In addition to Roane State, Cleveland State, and Chattanooga State, other consortium members are:
- Columbia State Community College,
- Dyersburg State Community College,
- Jackson State Community College,
- Motlow State Community College,
- Nashville State Community College,
- Northeast State Community College,
- Pellissippi State Community College,
- Southwest Tennessee Community College,
- Volunteer State Community College,
- Walters State Community College, and
- all Tennessee Technology Centers.
“This award is representative of the strong, quality programs our institutions provide,” TBR Chancellor John Morgan said. “It is an excellent example of how our TBR institutions collaborate to meet the needs of our students and our state, and I appreciate President Goff for his leadership on this project. By providing more training of the type we know is in demand, we will help increase the number of Tennesseans with quality credentials to continue strengthening our state’s economy.”

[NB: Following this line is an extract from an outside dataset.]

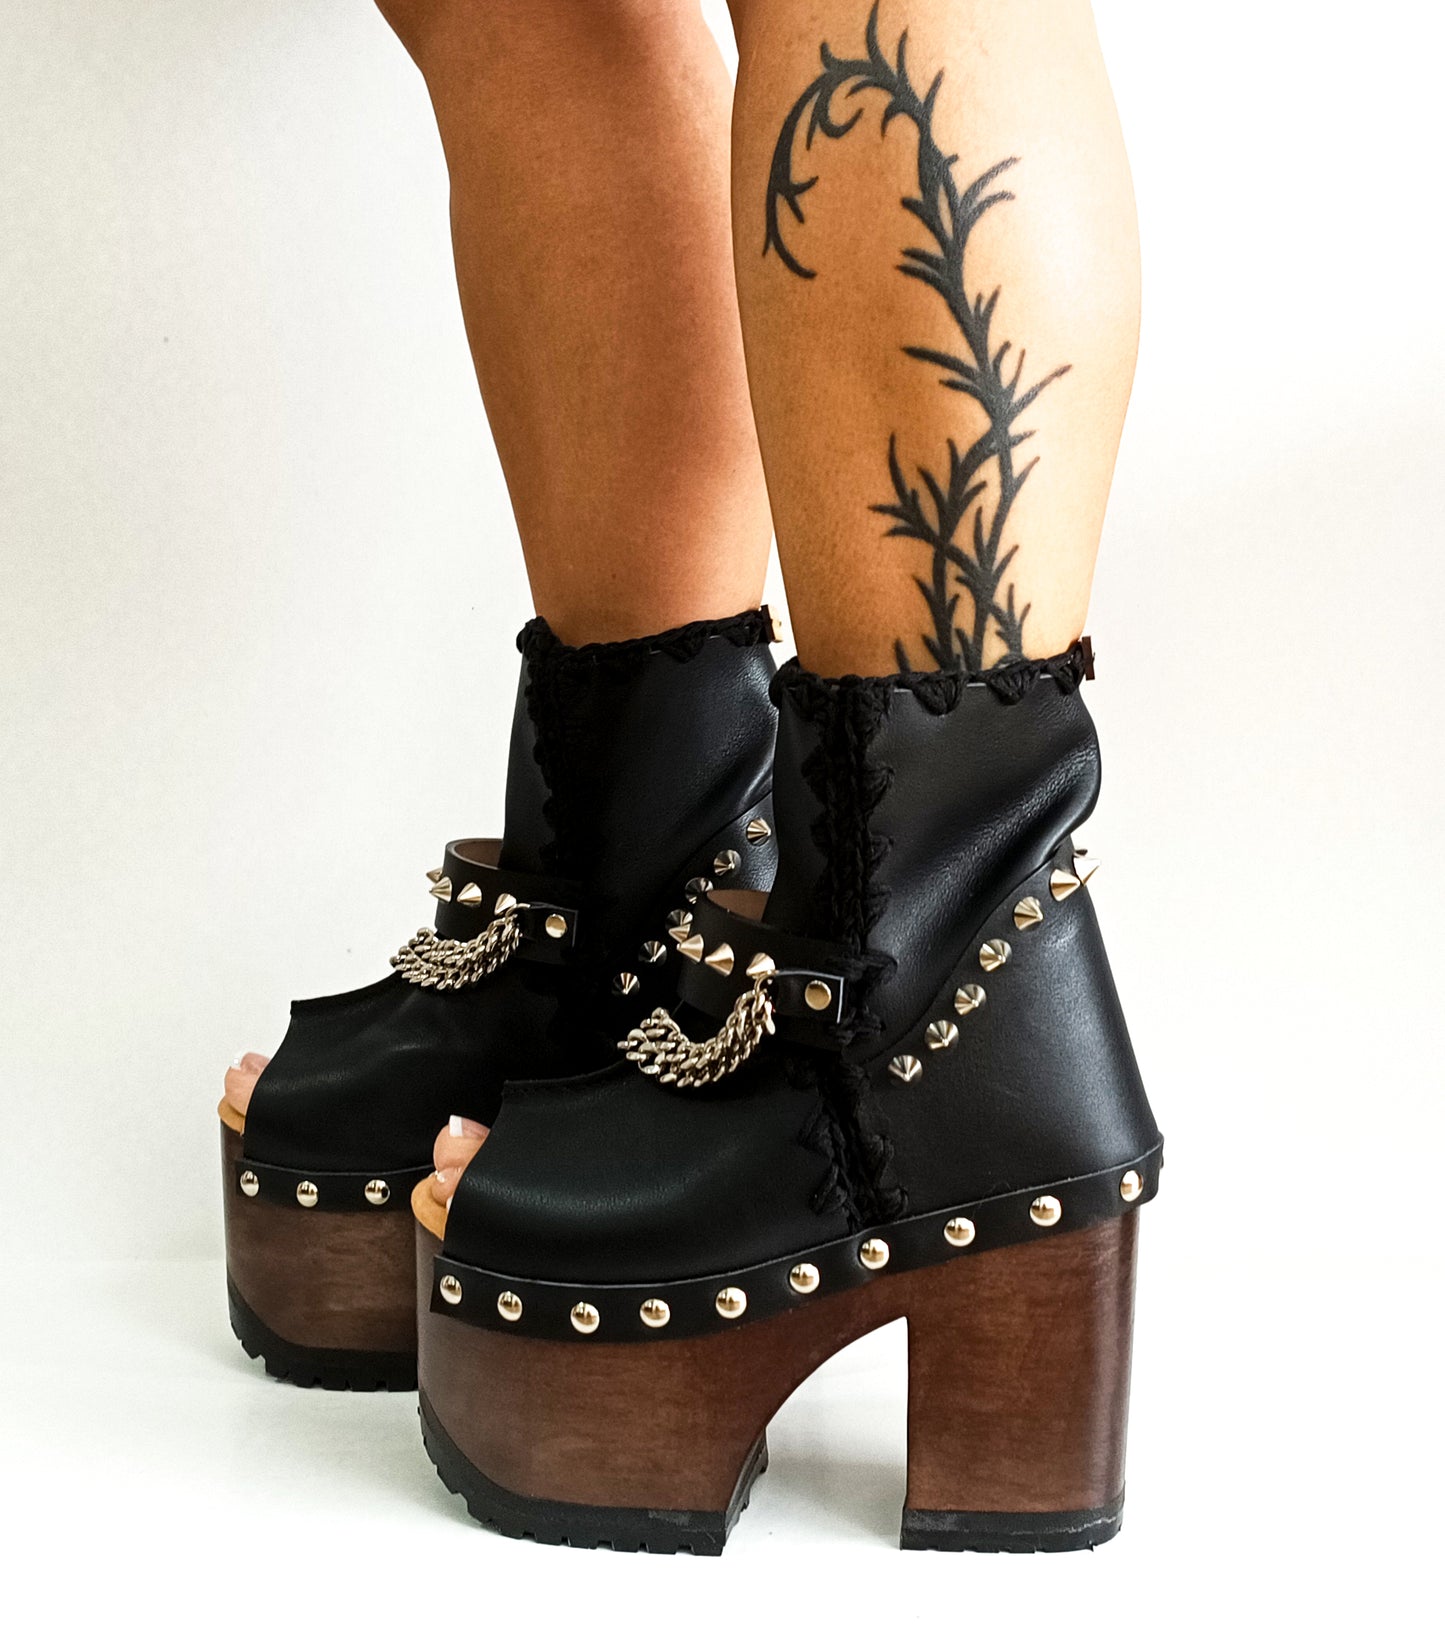 Black leather platform boot. Leather boot with super high wooden heel. Leather peep toe boot decorated with studs and silver chains. Platform boots with platform heel. Sizes 34 to 47. High quality leather shoes handmade by sol Caleyo. Sustainable fashion.

The grant also supports the Complete College Tennessee Act, the landmark 2010 state legislation designed to boost the number of Tennesseans with college degrees, the release said. For example, Rx-Tennessee includes funds for “completion coaches” to help students stay on track and finish their degrees and money for online tutoring and many other student support programs.
“The student support programs funded by the grant will be instrumental in helping Tennessee produce more college graduates,” Goff said. “Many community college and Technology Center students need guidance and support, and with the grant, we will have more resources to help students succeed in college.”